** Data supplied follows **
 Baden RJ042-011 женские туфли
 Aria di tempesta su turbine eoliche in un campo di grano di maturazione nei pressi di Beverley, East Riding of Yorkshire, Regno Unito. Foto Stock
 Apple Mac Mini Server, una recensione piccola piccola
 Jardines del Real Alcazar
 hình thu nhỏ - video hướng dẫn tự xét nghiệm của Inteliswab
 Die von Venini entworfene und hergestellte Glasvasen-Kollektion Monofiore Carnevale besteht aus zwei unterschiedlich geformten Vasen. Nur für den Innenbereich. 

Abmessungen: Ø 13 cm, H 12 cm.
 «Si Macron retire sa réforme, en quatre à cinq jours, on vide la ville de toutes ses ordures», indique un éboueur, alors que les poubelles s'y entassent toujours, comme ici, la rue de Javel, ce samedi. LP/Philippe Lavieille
** End of Data supplied **
Work request
Word for word, repeat the data from its first line through the line with "Abmessungen: Ø 13 cm, H 12 cm.", including both of those lines and no others.

Response
 Baden RJ042-011 женские туфли
 Aria di tempesta su turbine eoliche in un campo di grano di maturazione nei pressi di Beverley, East Riding of Yorkshire, Regno Unito. Foto Stock
 Apple Mac Mini Server, una recensione piccola piccola
 Jardines del Real Alcazar
 hình thu nhỏ - video hướng dẫn tự xét nghiệm của Inteliswab
 Die von Venini entworfene und hergestellte Glasvasen-Kollektion Monofiore Carnevale besteht aus zwei unterschiedlich geformten Vasen. Nur für den Innenbereich. 

Abmessungen: Ø 13 cm, H 12 cm.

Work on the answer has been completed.